_What this task involves_
In the records that follow, find the line containing "窩床的日子-大和抗菌10cm" and the line containing "Nintendo Switch OLED", then transcribe both and every line between them exactly, omitting pictures.

_Exercise materials_
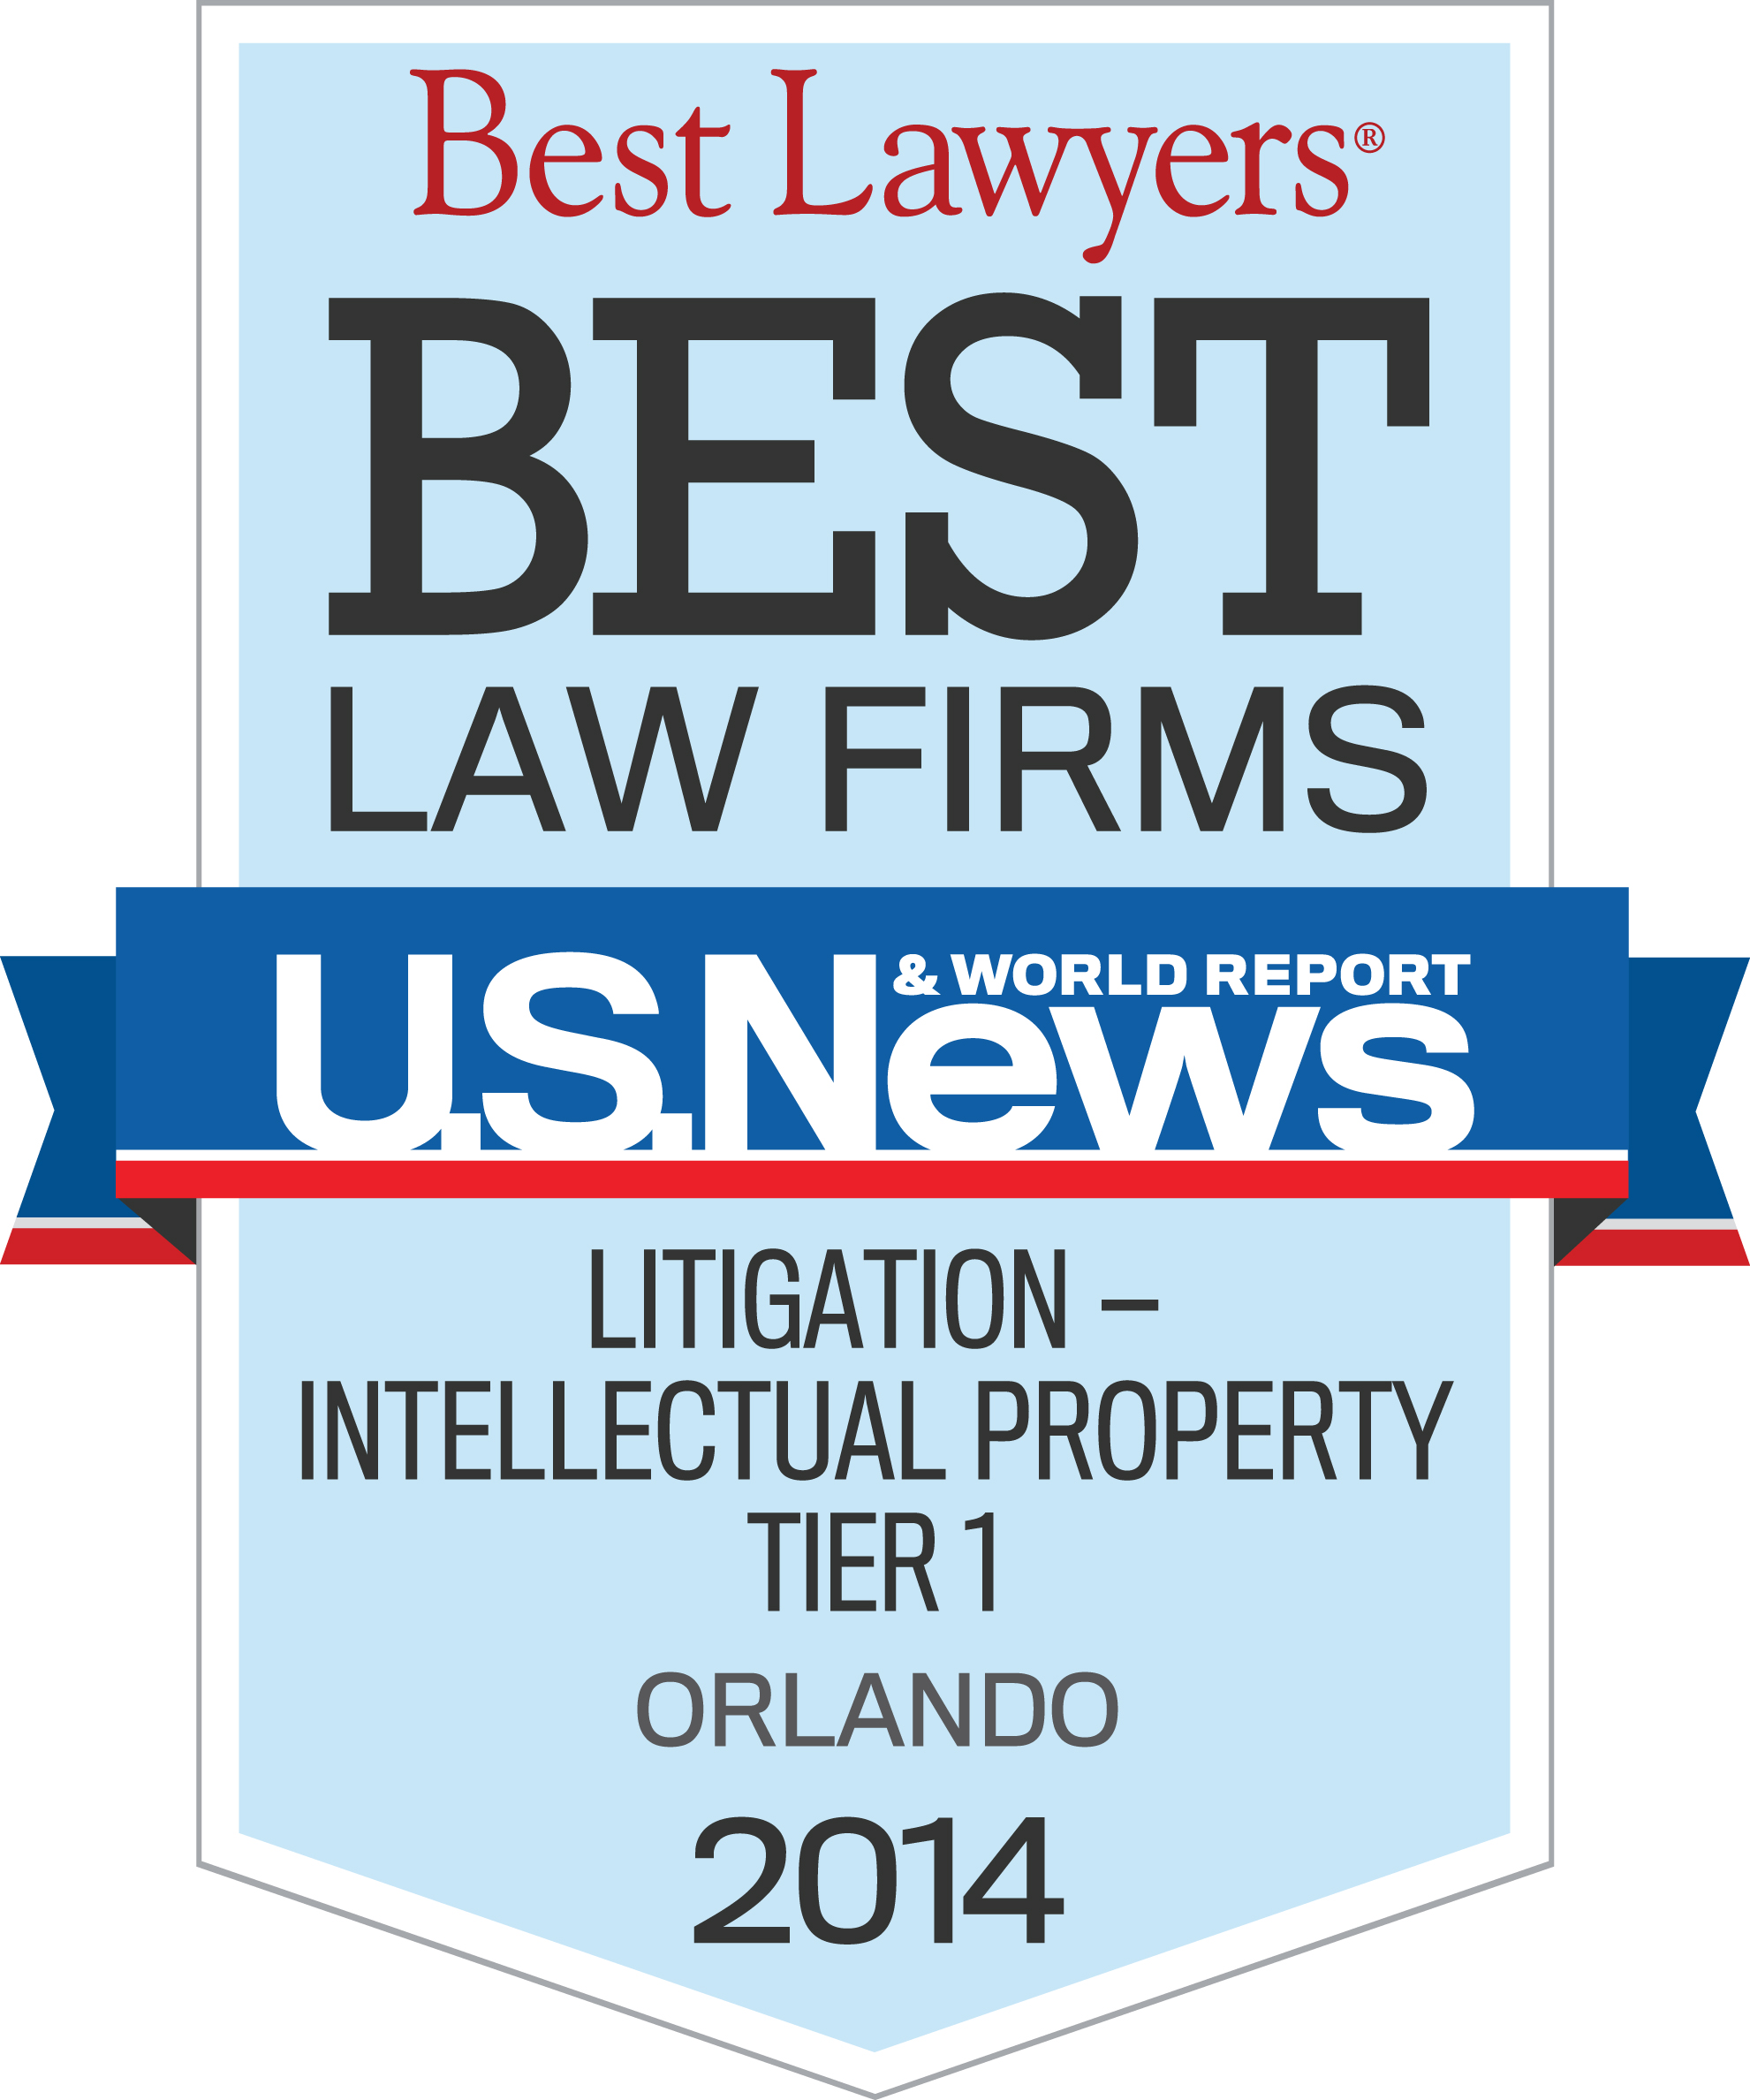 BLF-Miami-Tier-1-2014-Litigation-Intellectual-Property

==

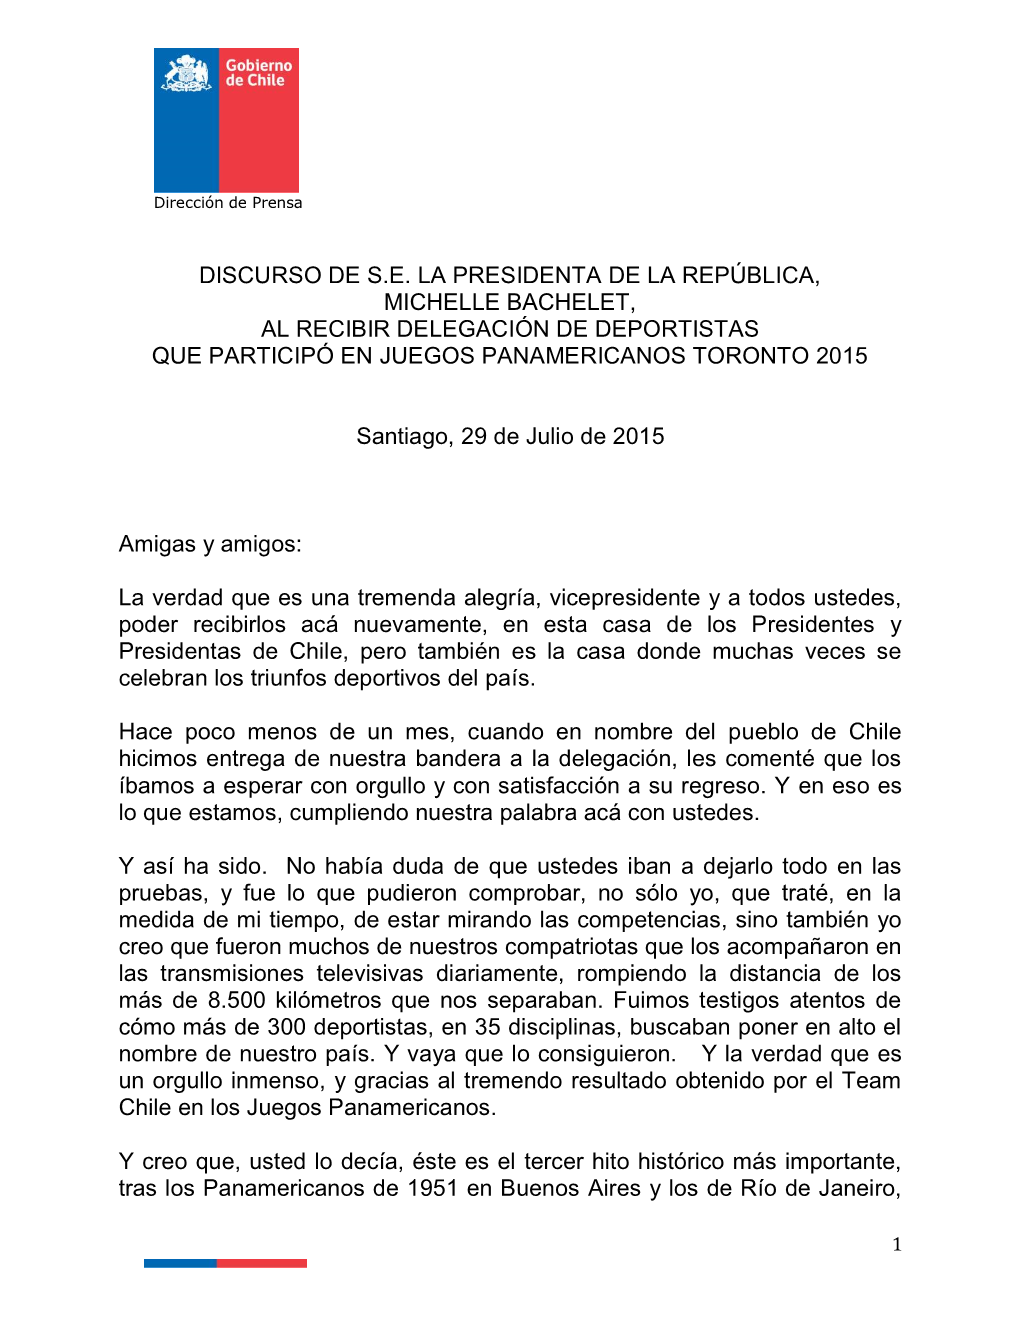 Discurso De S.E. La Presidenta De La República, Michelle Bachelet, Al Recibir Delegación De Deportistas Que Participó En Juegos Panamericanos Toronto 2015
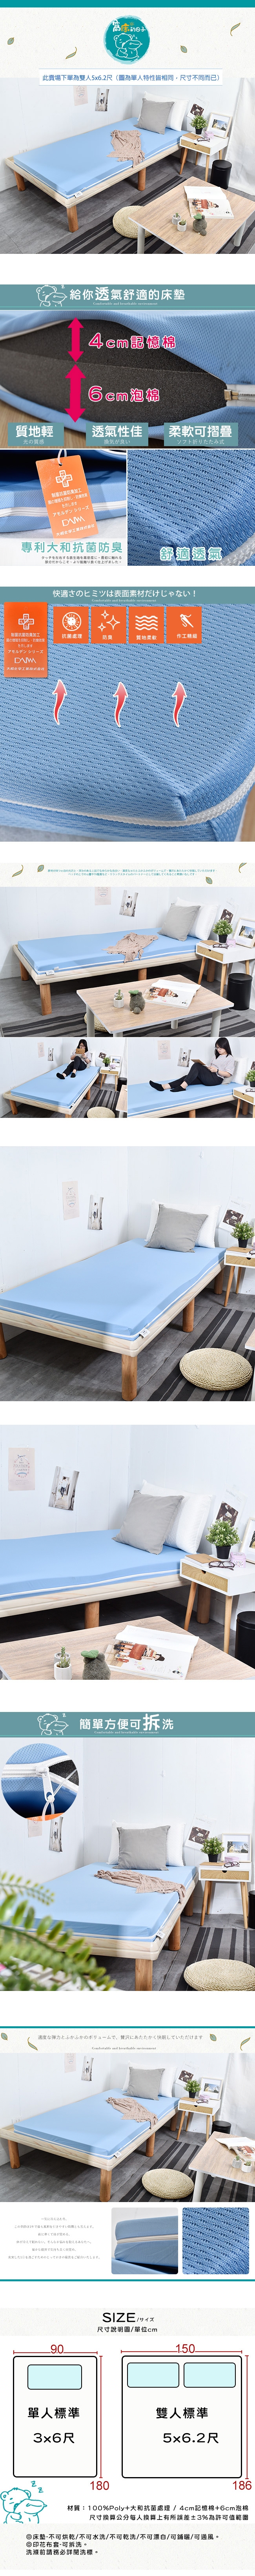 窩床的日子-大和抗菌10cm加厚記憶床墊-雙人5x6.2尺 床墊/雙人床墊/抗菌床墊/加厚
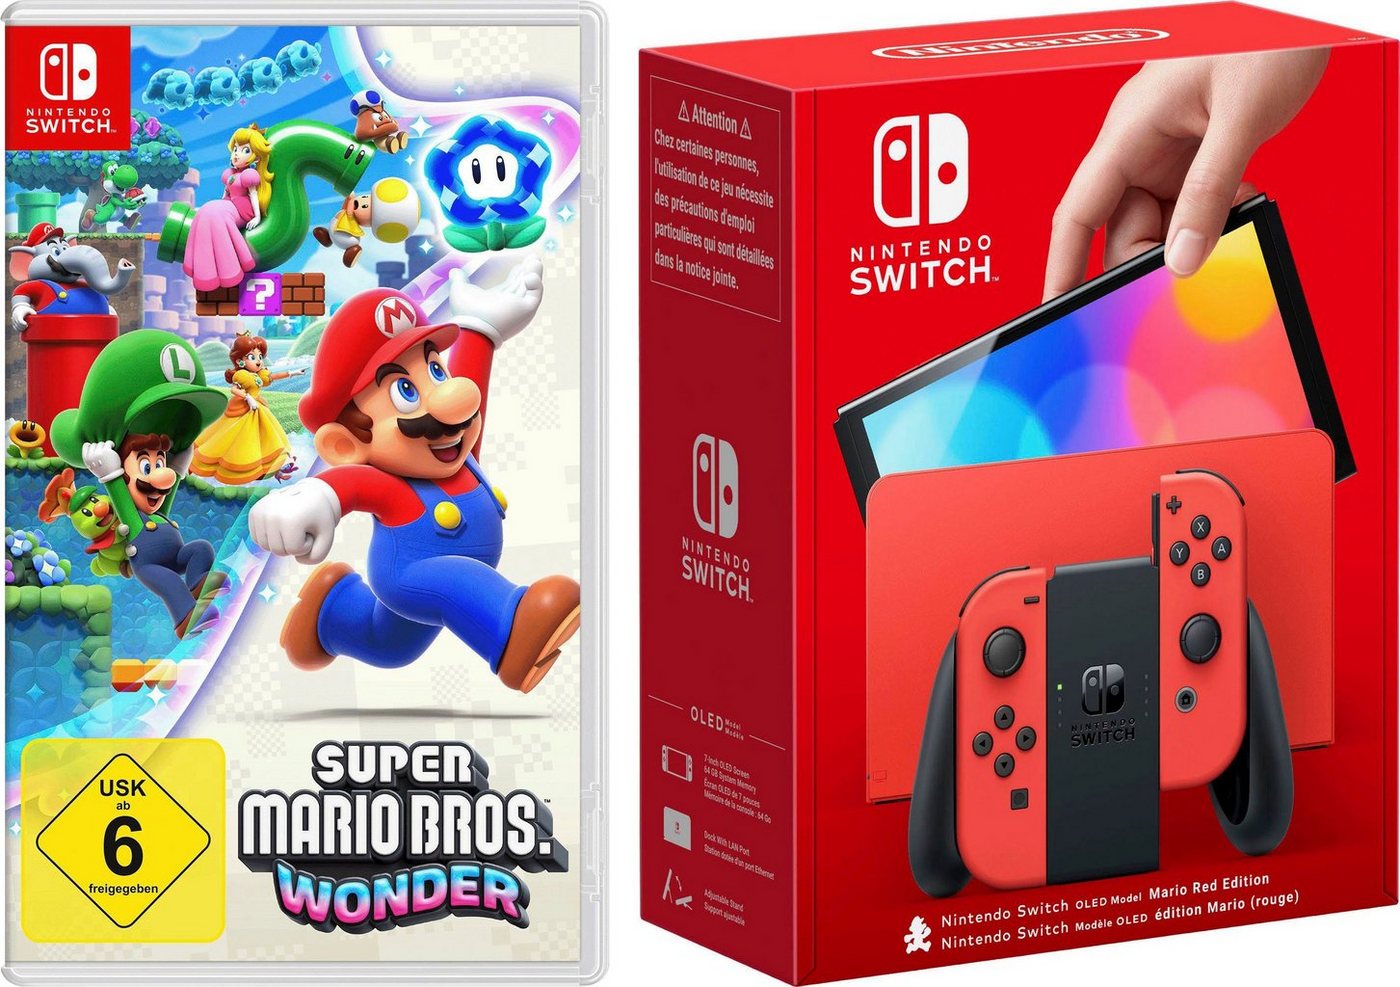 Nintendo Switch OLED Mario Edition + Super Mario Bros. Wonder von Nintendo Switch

_Answer area_
 窩床的日子-大和抗菌10cm加厚記憶床墊-雙人5x6.2尺 床墊/雙人床墊/抗菌床墊/加厚
 Nintendo Switch OLED Mario Edition + Super Mario Bros. Wonder von Nintendo Switch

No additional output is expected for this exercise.